World Economy
0

EM Crisis Enters New Phase

A constant dilemma for investors is whether to maintain their exposure in emerging economies or take a step back. Even though higher risks yield higher returns, the market fundamentals in the current scenario point to a simmering crisis
A number of countries are seeing their currency fall to record levels, high inflation and unemployment,  and in some cases, escalating tensions with the United States.A number of countries are seeing their currency fall to record levels, high inflation and unemployment,  and in some cases, escalating tensions with the United States.

Markets have a very short attention span. Like babies, they move on quickly from one toy, or in this case an event, to another.

For instance, markets seem to have moved on from the formation of the “Fragile Five”, a group of countries that suffered heavily when the US Federal Reserve started to roll back its bond-buying program in 2013, CNBC reported.

Made up of Brazil, India, Indonesia, Turkey and South Africa, this group was marked by heavy currency depreciation, high current account deficits and political instability at home. The slump in commodity prices and fears of a Chinese slowdown kept the pressure on these economies.

However, they have started to see a comeback; in India and Indonesia, for example, a change in government has led to political and economic reforms. Investors started crowding this space and inflows into funds with exposure to these markets increased.

But markets are feeling a sense of deja vu. Blame it on a stronger dollar, escalating tensions since President Donald Trump came to power, worries over a full-fledged trade war with China or rising interest rates in the US, this time around the crisis seems to have entered a new phase.

  Widespread Damage

The damage is far more widespread. The crisis has engulfed countries across the globe—from economies in South America, to Turkey, South Africa and some of the bigger economies in Asia, such as India and China. A number of these countries are seeing their currency fall to record levels, high inflation and unemployment, and in some cases, escalating tensions with the United States.

Last week, Argentina approaching the International Monetary Fund for an emergency loan came as a shocker for the markets. The country saw its currency fall by more than 50% against the dollar and its interest rates go up by a whopping 60%.
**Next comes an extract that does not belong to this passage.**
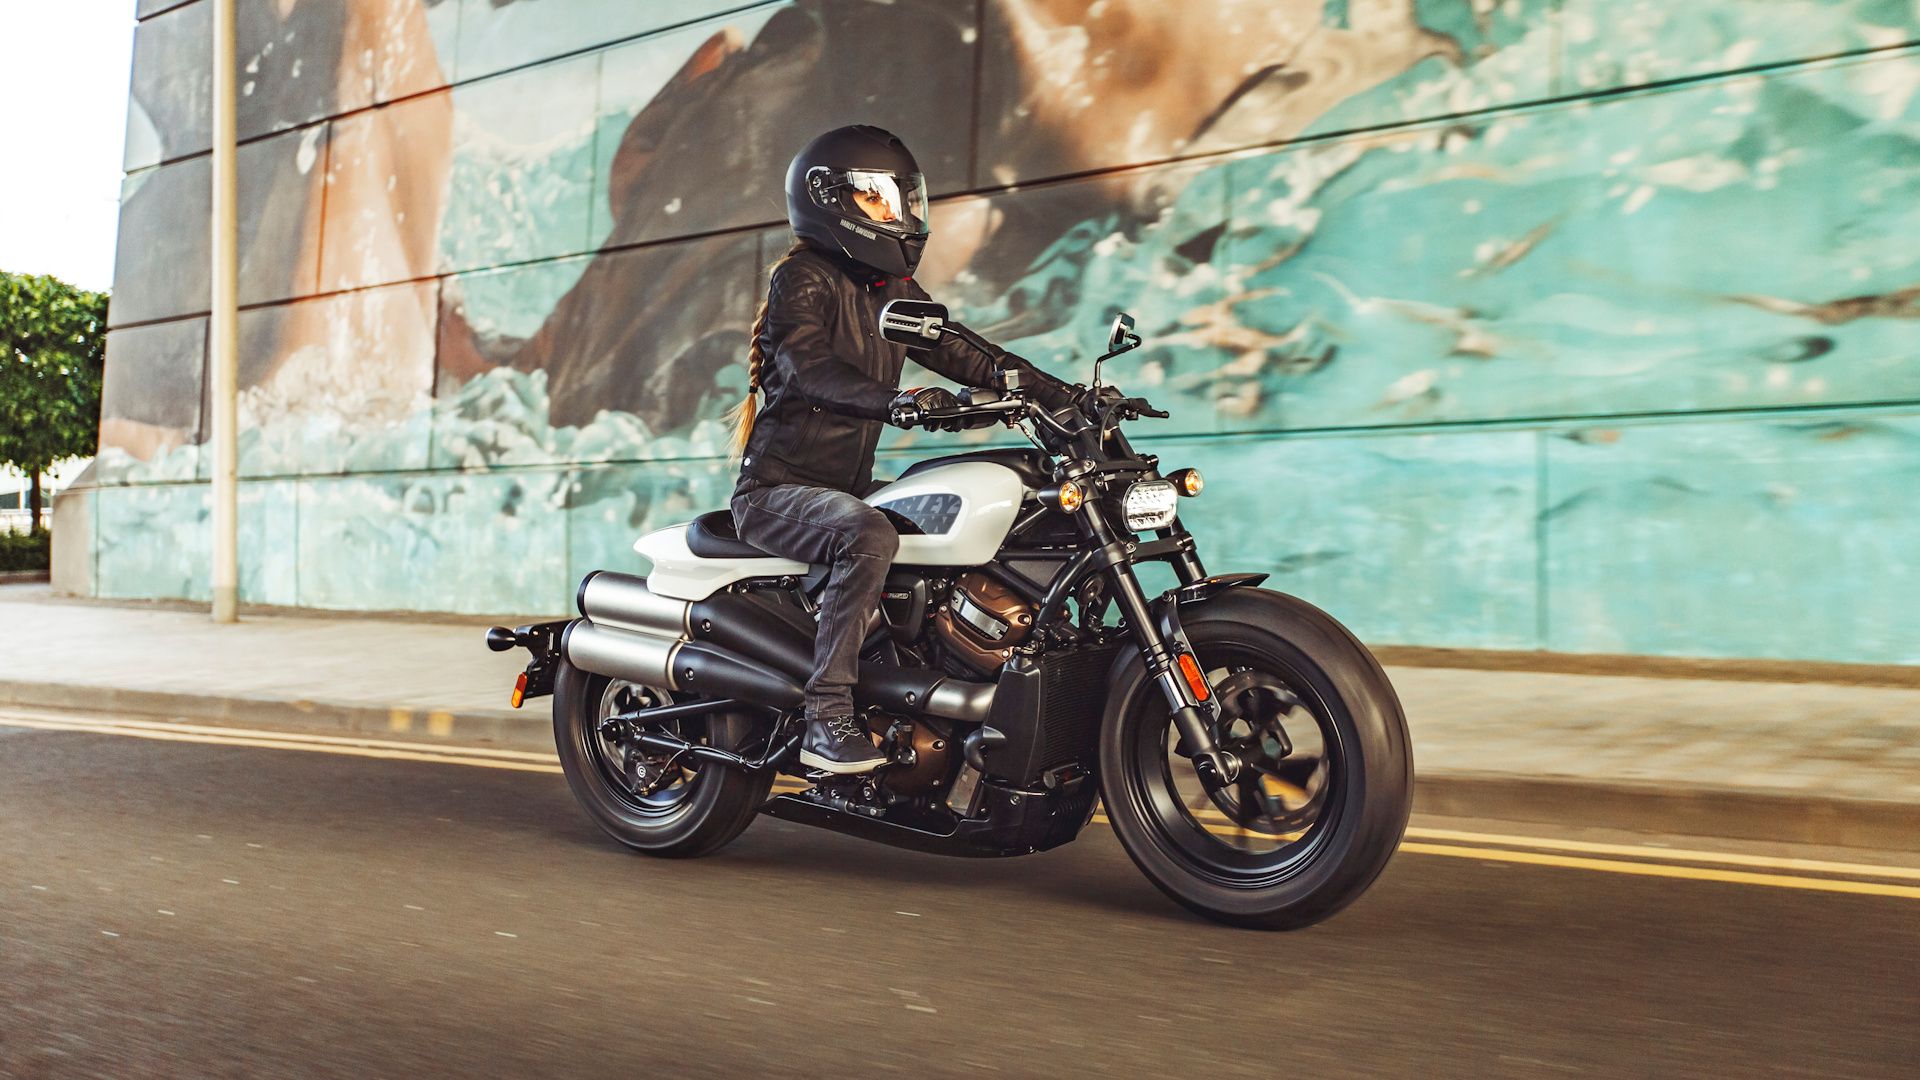 White 2021 Harley-Davidson Sportster S cruising on the road

Meanwhile, the sell-off on the back of an ongoing spat between the US and Turkey over the release of American pastor Andrew Brunson has not only seen the Turkish lira hit record low levels, but has also spread to other global assets. The Turkish currency has lost 40% of its value this year, largely due to President Erdogan’s unfriendly policies.

  Plagued by Heavy Debt

Emerging markets are also heavily plagued by debt and a stronger dollar makes it tougher for them to pay this debt. The latest data from the Institute of International Finance shows that debt in emerging markets including China increased from $9 trillion in 2002 to $21 trillion in 2007 and finally to $63 trillion in 2017. The MSCI Emerging Markets index is down nearly 9% since the start of the year.

A constant dilemma for investors is whether to maintain their exposure in emerging economies or take a step back. Even though higher risks yield higher returns, the market fundamentals in the current scenario point to a simmering crisis.

The declines added to concern investor nervousness is beginning to infect even the most robust of the emerging markets. The negative tone was set Tuesday by a US manufacturing report that boosted the odds of further federal reserve rate increases and a strengthening dollar, and South African data showing the economy entered into a recession in the second quarter.

“This has become now increasingly an issue which is no longer just about EM fundamentals,” Sameer Goel, head of macro strategy for Asia at Deutsche Bank AG in Singapore, said in a Bloomberg TV interview. It’s “increasingly about contagion, which largely happens because of cross-holdings and the pressure of redemptions.”

Indonesian equities sank for a fifth day as policy makers attempted to support the rupiah through measures including interest-rate hikes that threaten to slow Southeast Asia’s biggest economy.

Shares in the Philippines extended losses after a report showed inflation—spurred in part by currency weakening—surged past 6% last month, foreshadowing further potential rate rises there.

Rising interest rates in the US and other major economies may see yield-hungry investors make their way back into developed markets.

It looks like the emerging market bubble is about to burst.